# Baffle step considerations...



## aceinc (Oct 24, 2006)

I am about to embark on my next speaker project, 4 floor standing full range (55hz-20khz) HT speakers. I will be using the same driver complement I used in my center channel, namely 4 each 5" drivers, 3" drivers and 5/8" tweeters.

My thought on how to build this is with 3 individual cabinets stacked on one another. Each cabinet offset (front to back) enough to time align the drivers, and just wide enough to house their respective drivers.
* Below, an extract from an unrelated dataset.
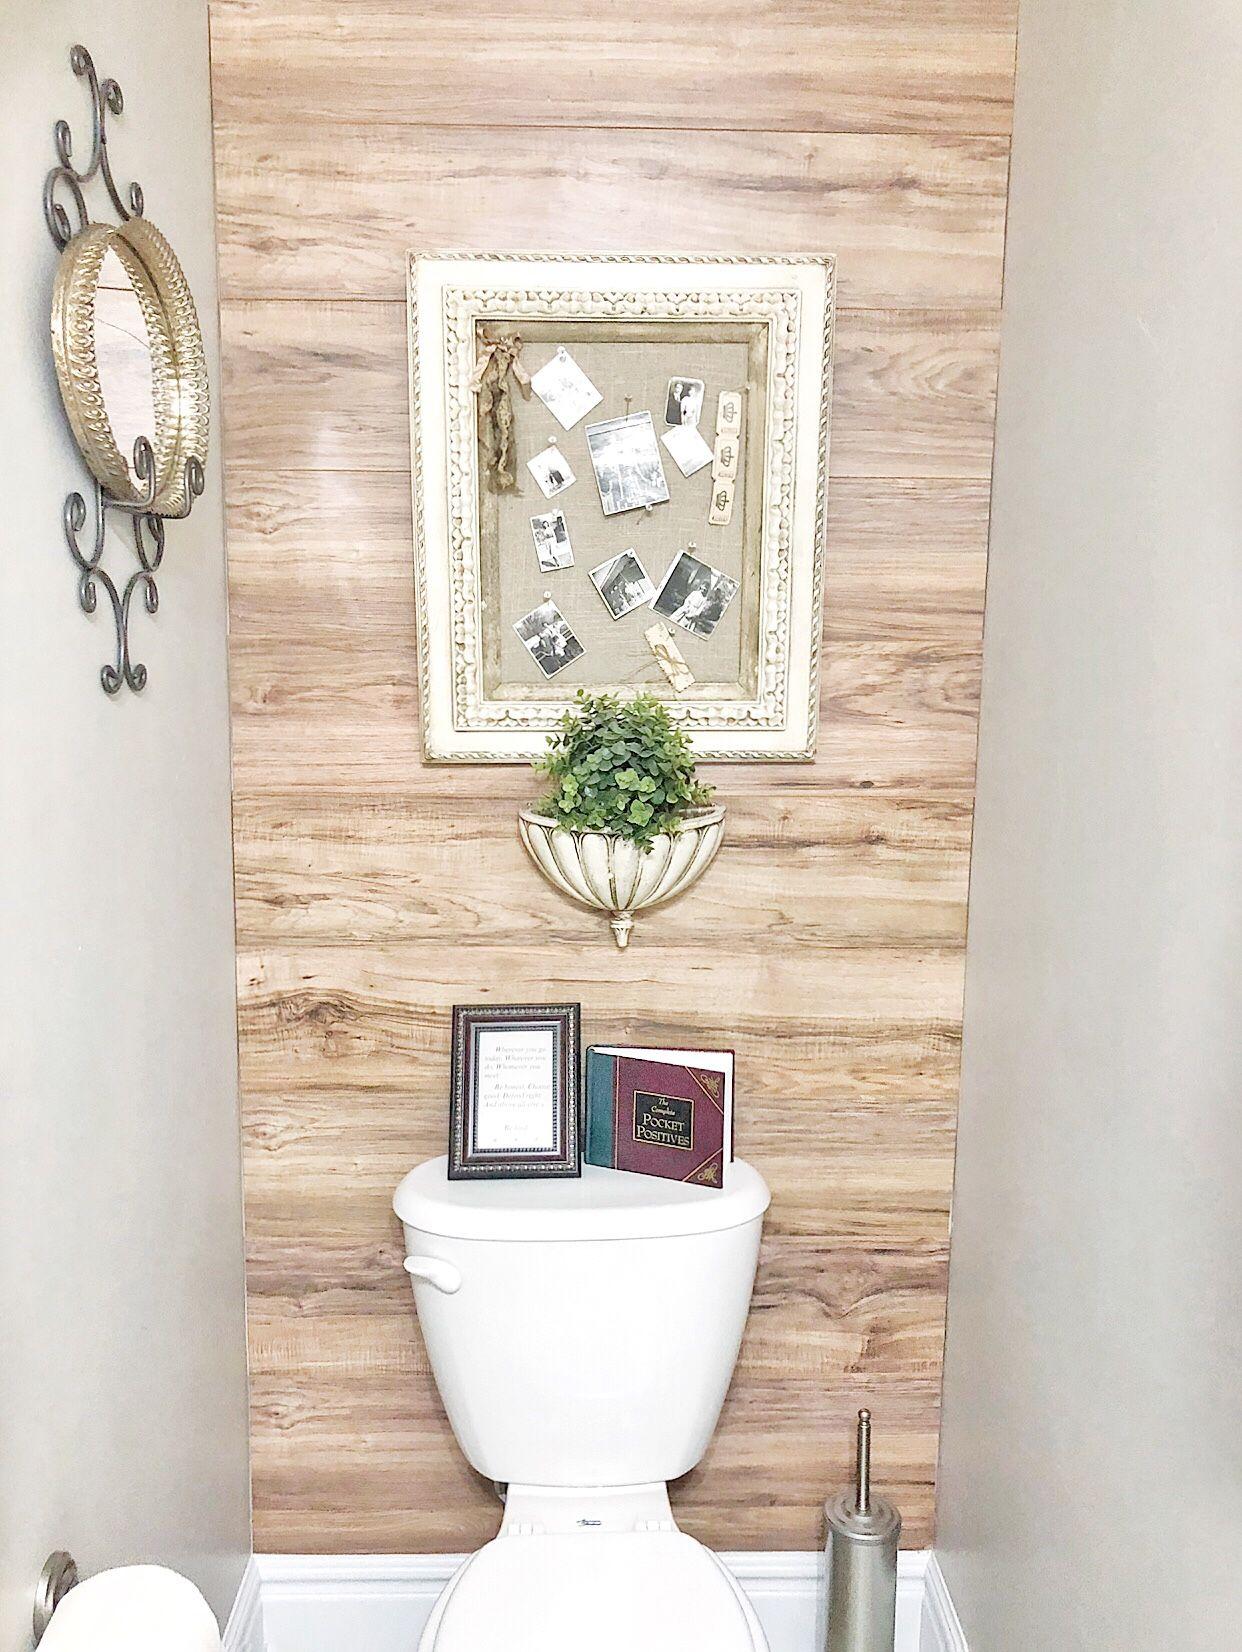 Diy Laminate Wood Wall Wood Wall Bathroom Wood Laminate Wooden Bathroom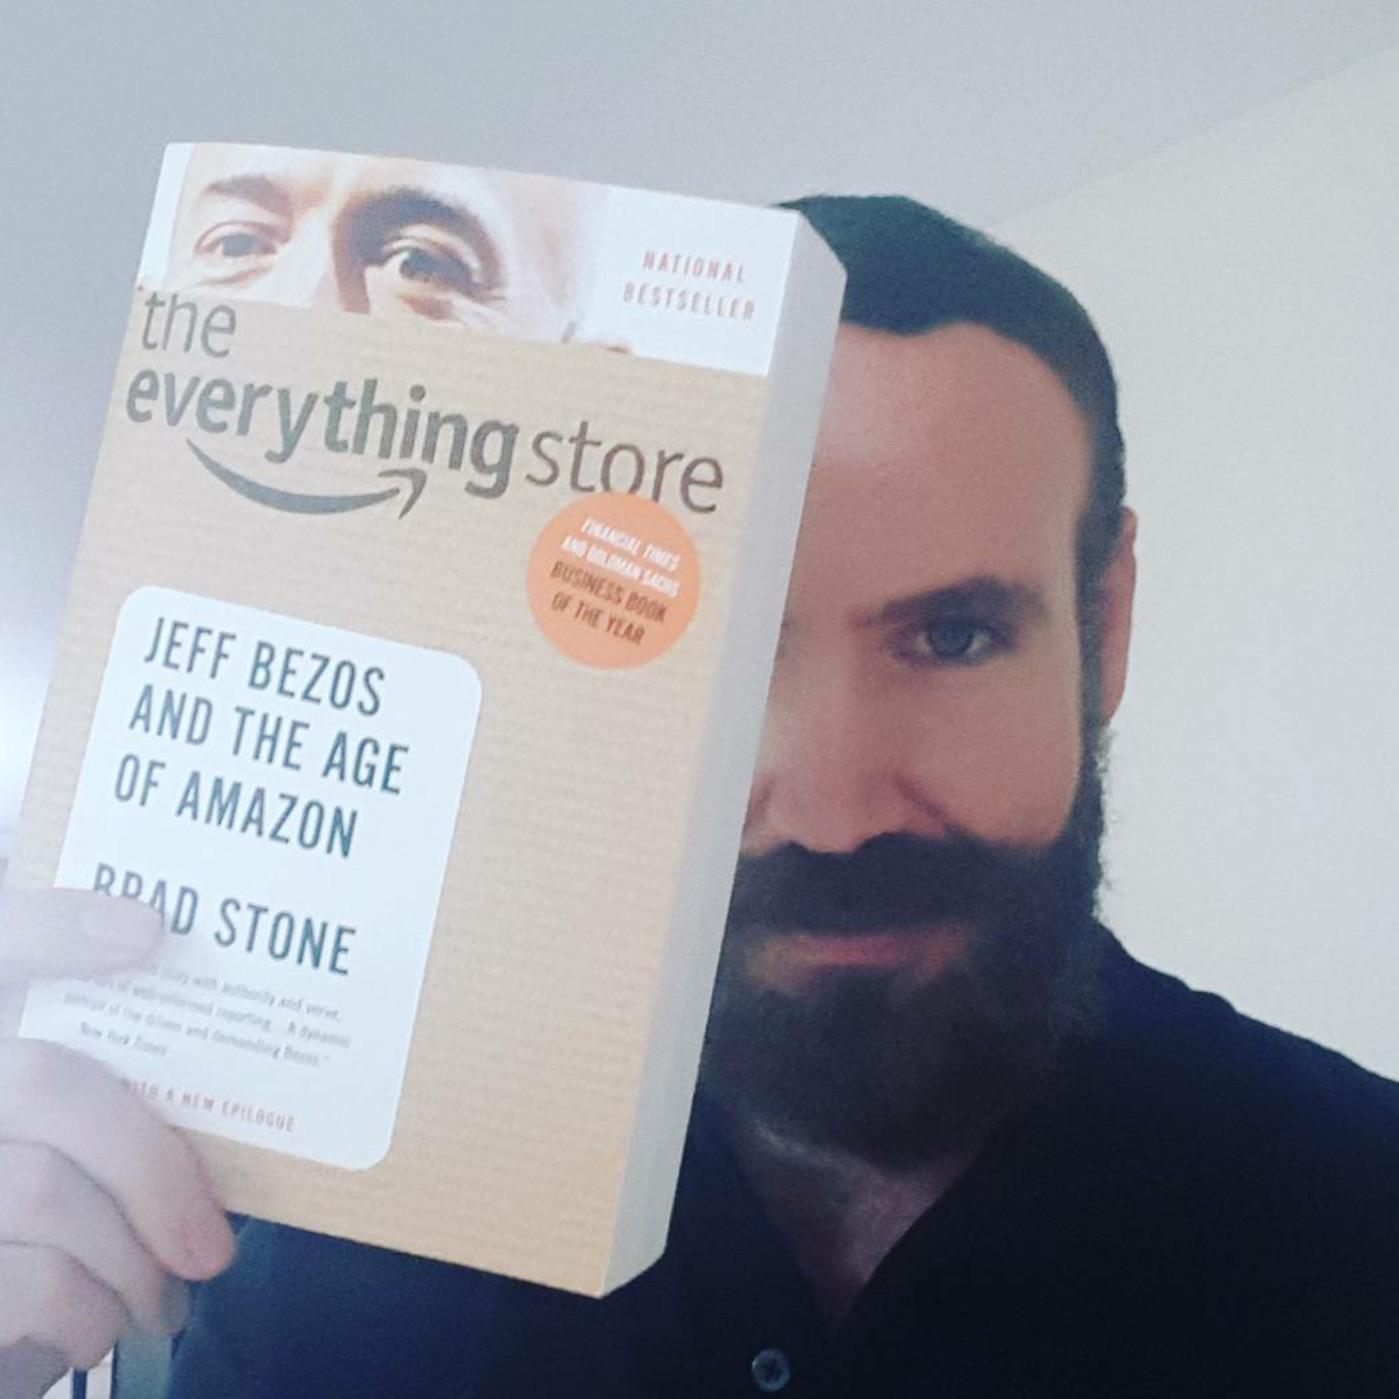 Análisis Libro - La Tienda de Todo (The Everything Store)

My mental picture is the woofer enclosure would be about 6-1/4" wide by 26" high, the mid enclosure would be about 5" wide by about 16" high, and the tweeter section about 2-1/4" wide by 6" high.

As you can see by the graph I posted in the center channel post linked above, things look relatively smooth above about 400hz with absolutely no compensation. 

Should I increase the width of any of my baffles? 

I tried to use EDGE Baffle Designer but it showed fairly substantial boosts no matter how small I made the baffle.

I seem to have gotten lucky with the non-design of my center channel (my concept was to reduce midrange smear by packing the mids and tweeters as close together as I could, and placing the other drivers wherever looked good). But I am trying to be more precise in this design. One of my goals is to maintain the lowest xover parts count possible.

Paul


----------



## BoomieMCT (Dec 11, 2006)

aceinc said:


> I tried to use EDGE Baffle Designer but it showed fairly substantial boosts no matter how small I made the baffle.



The smaller the baffle the more you will have baffle step diffraction. Honestly, depending on the placement of your speakers, you'll have to deal with BSD no matter how wide you make your speakers. The extra width just moves down the frequency that BSD happens at. 

I found this article to be useful in trying to understand this.


----------



## planet10 (May 27, 2007)

BoomieMCT said:


> The smaller the baffle the more you will have baffle step diffraction.


More accurately... the narrower the baffle the higher in frequency the baffle step takes effect.

Here is the start of a more comprehensive set of bafflestep articles (includes a link to John's mentioned above)

http://www.t-linespeakers.org/tech/bafflestep/intro-bds.html

dave


----------